本文详细解析了LeetCode第62题和第63题,通过动态规划方法求解网格中从起始点到终点的不同路径数量,包括无障碍和有障碍的情况。阐述了状态定义、状态转移方程、初始化和答案获取四个关键步骤,并提供了两种实现方式,一种使用二维数组,另一种进行空间优化,转化为一维动态规划。
leetcode 62. Unique Paths
A robot is located at the top-left corner of a m x n grid (marked 'Start' in the diagram below).
The robot can only move either down or right at any point in time. The robot is trying to reach the bottom-right corner of the grid (marked 'Finish' in the diagram below).
How many possible unique paths are there?
Above is a 7 x 3 grid.
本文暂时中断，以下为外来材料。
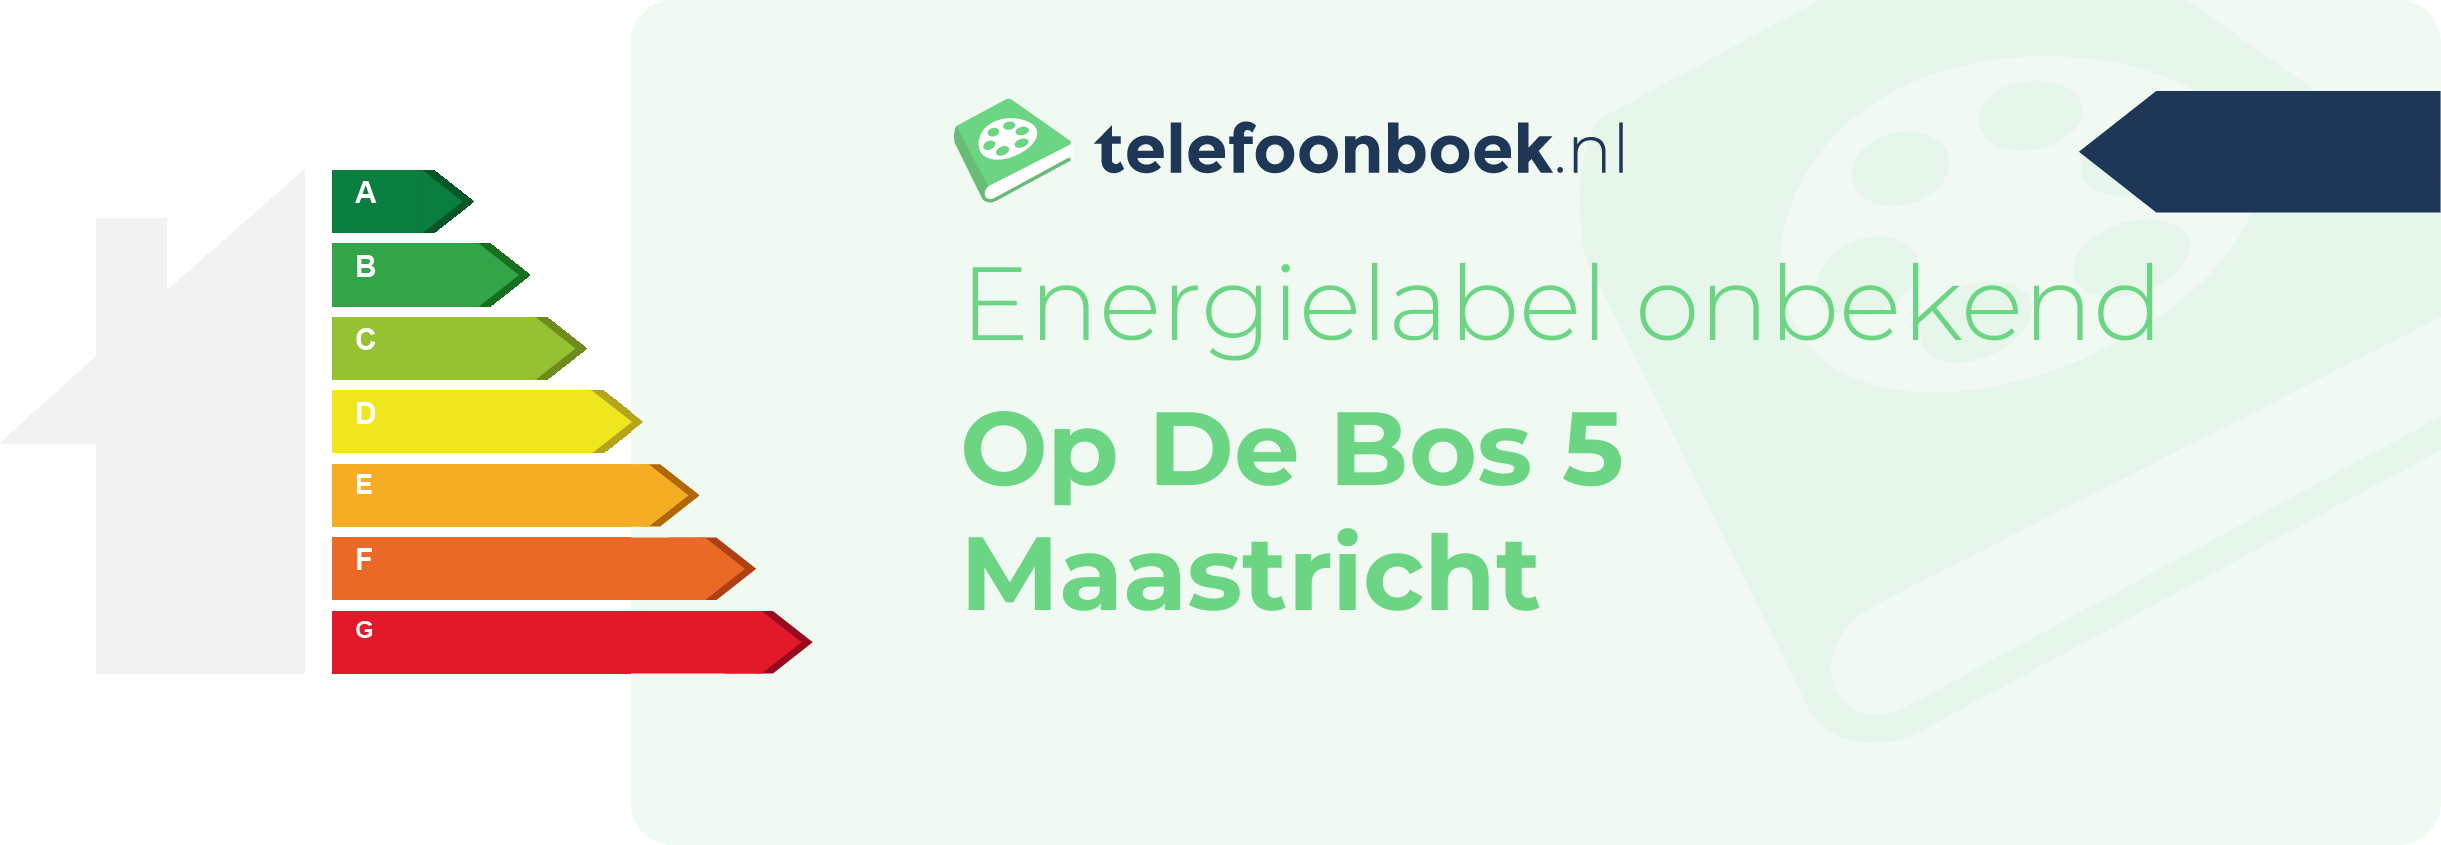 Energielabel Op De Bos 5 Maastricht

How many possible unique paths are there?
Note: m and n will be at most 100.
Example 1:
Input: m = 3, n = 2
Output: 3
Explanation:
From the top-left corner, there are a total of 3 ways to reach the bottom-right corner:
1. Right -> Right -> Down
2. Right -> Down -> Right
3. Down -> Right -> RightExample 2:
Input: m = 7, n = 3
Output: 28参考博客:
https://blog.youkuaiyun.com/u014627099/article/details/79759025
解题思路:
确定DP的四要素:
1.state:f[x][y]表示从起点到(x,y)的路径数。
2.function:(研究倒数第一步)f[x][y]=f[x-1][y]+f[x][y-1]
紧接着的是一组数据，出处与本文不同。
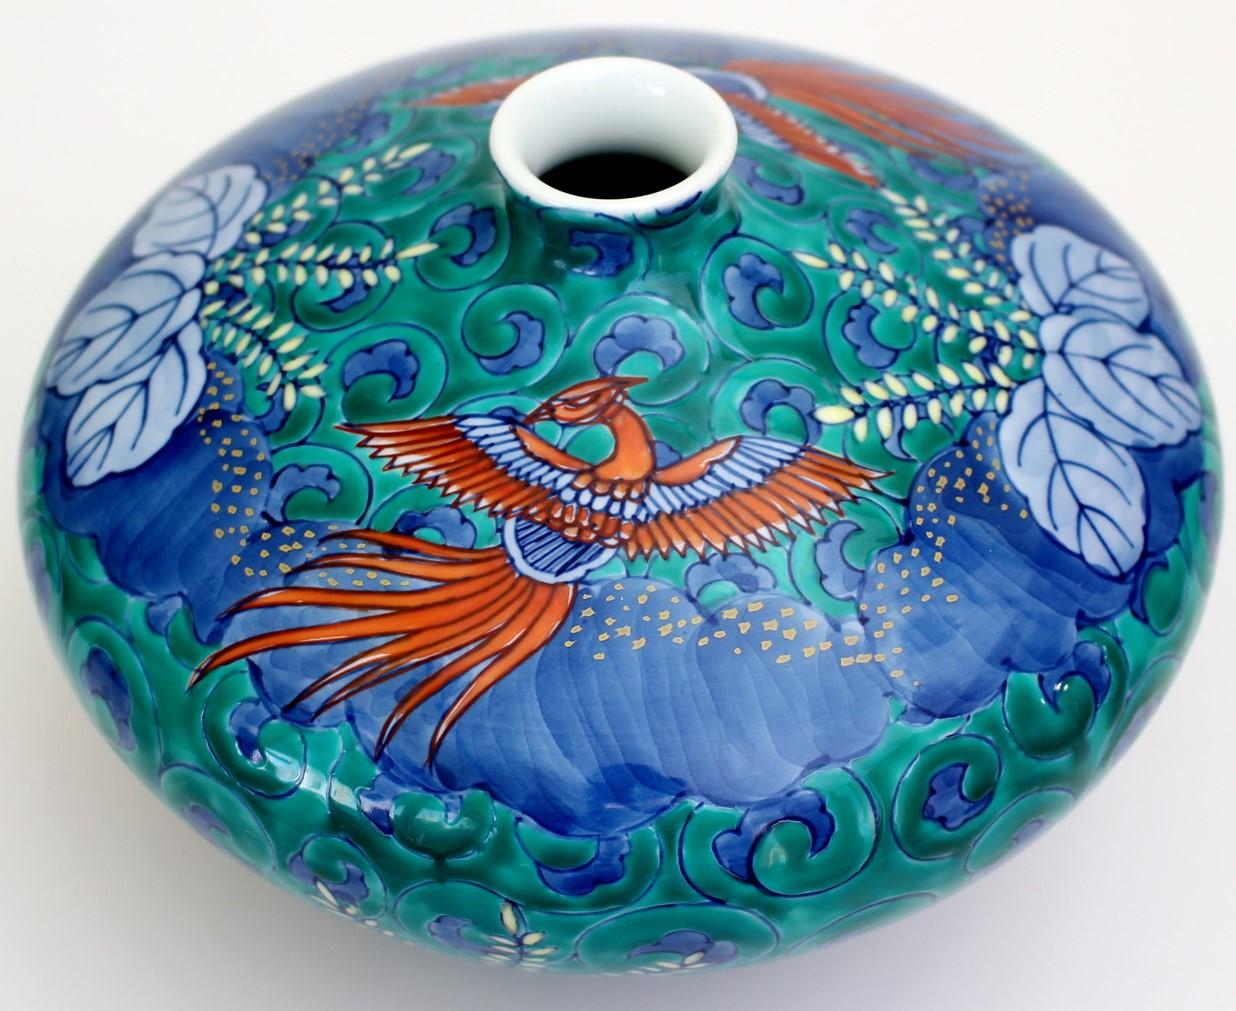 Zeitgenössische dekorative japanische Porzellanvase, handbemalt in Grün, Rot und Blau, mit Phönixen in lebhaftem Rot und Blau, vor einem geliebten würfelförmigen Porzellankörper mit einem auffälligen

3.初始化:第一行和第一列 f[i][0]=1 f[0][i]=1
4.answer:f[n-1][m-1]
实现:
class Solution {
public int uniquePaths(int m, int n) {
//起点到(m,n)的路径=起点到(m,n-1)+起点到(m-1,n)的路径
int[][] total=new int[m][n];
for(int i=0;i<m;i++){
for(int j=0;j<n;j++){
if(i==0||j==0){
total[i][j]=1;
}else{
total[i][j]=total[i-1][j]+total[i][j-1];
}
}
}
return total[m-1][n-1];
}
}leetcode 63. Unique Paths II
A robot is located at the top-left corner of a m x n grid (marked 'Start' in the diagram below).
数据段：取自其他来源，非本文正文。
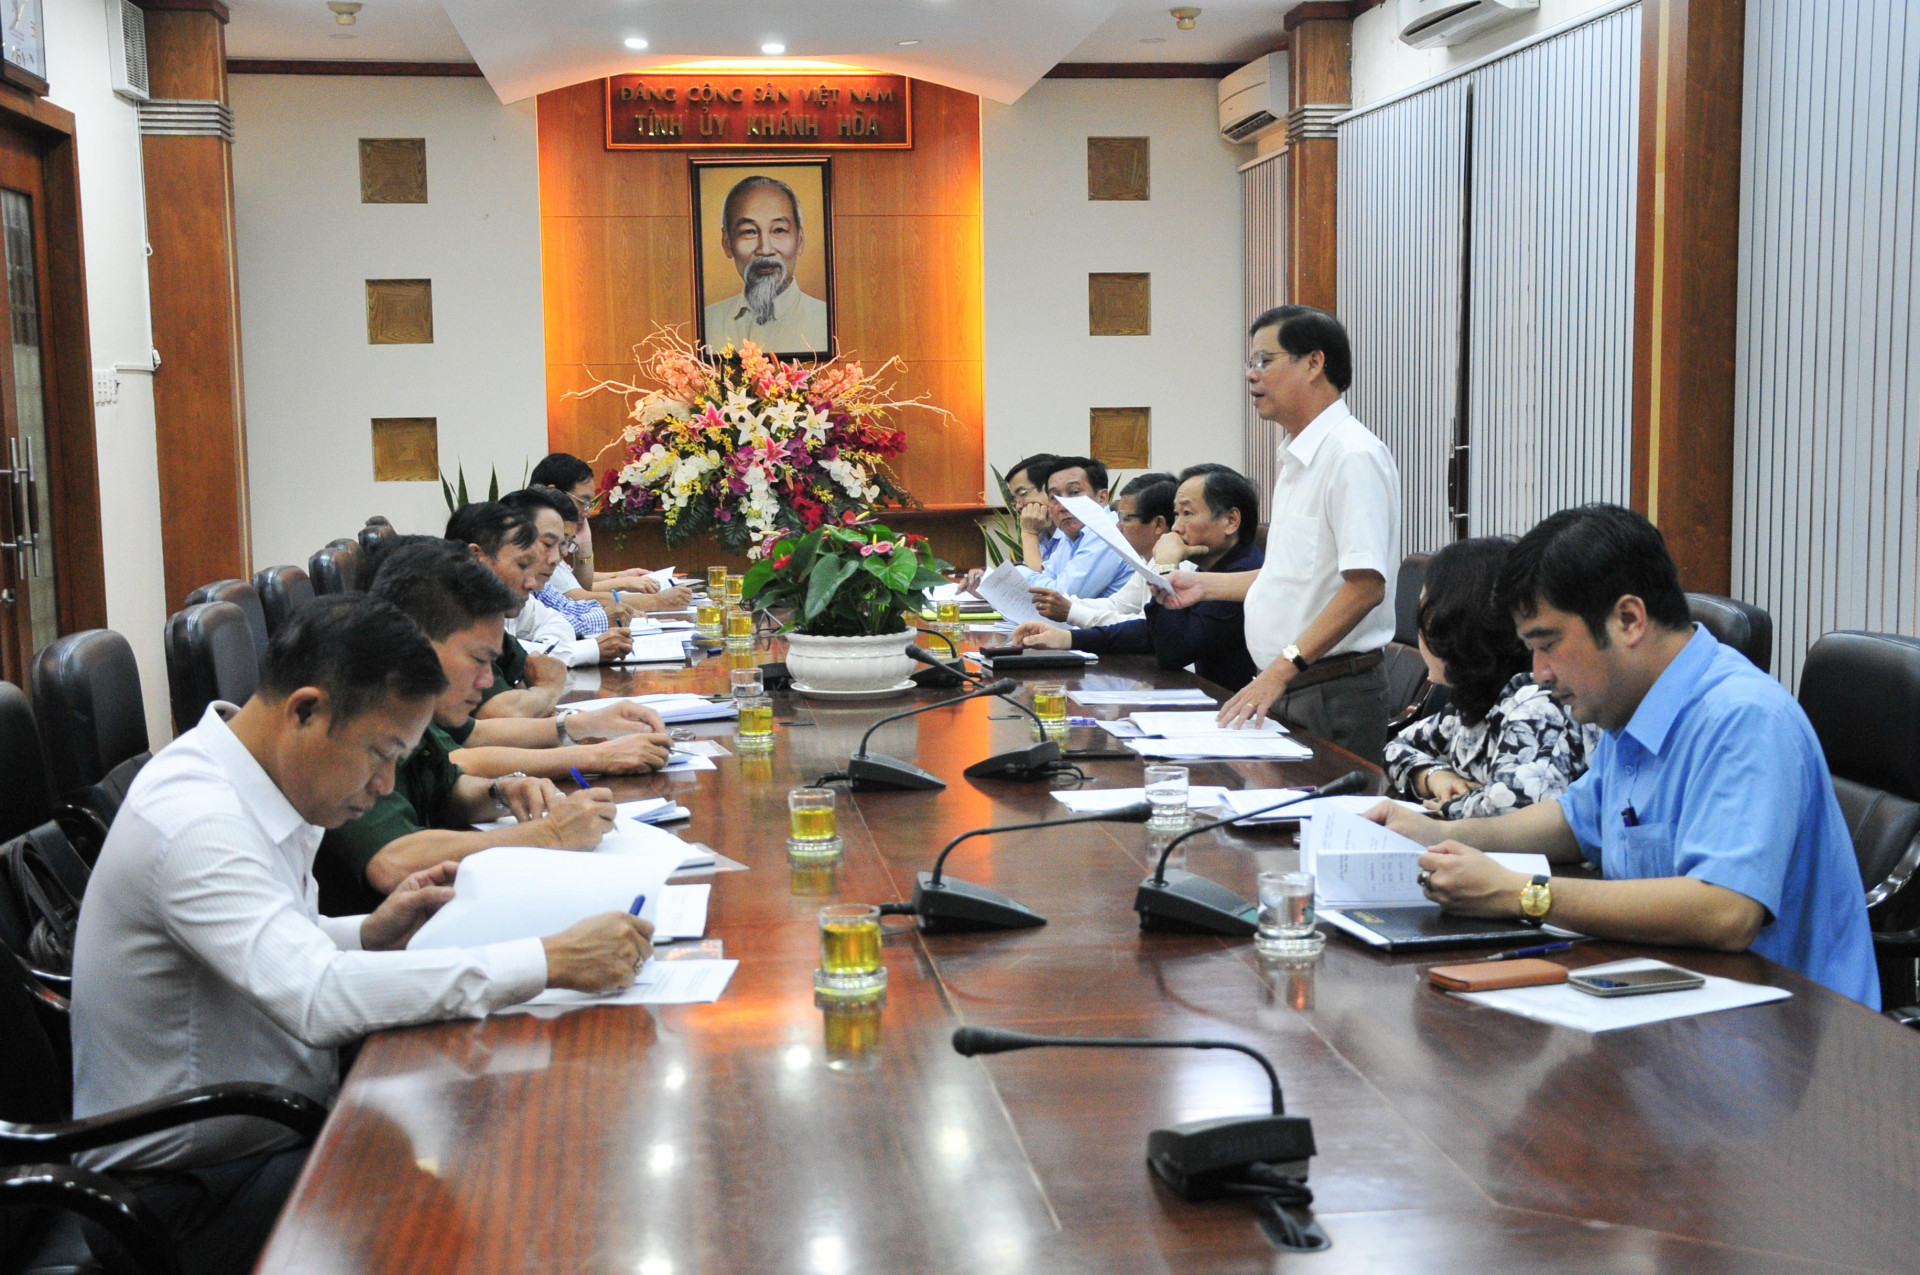 Đồng chí Nguyễn Tấn Tuân chỉ đạo tại buổi làm việc

The robot can only move either down or right at any point in time. The robot is trying to reach the bottom-right corner of the grid (marked 'Finish' in the diagram below).
Now consider if some obstacles are added to the grids. How many unique paths would there be?
An obstacle and empty space is marked as 1 and 0 respectively in the grid.
Note: m and n will be at most 100.
Example 1:
Input:
[
[0,0,0],
[0,1,0],
[0,0,0]
]
Output: 2
Explanation:
There is one obstacle in the middle of the 3x3 grid above.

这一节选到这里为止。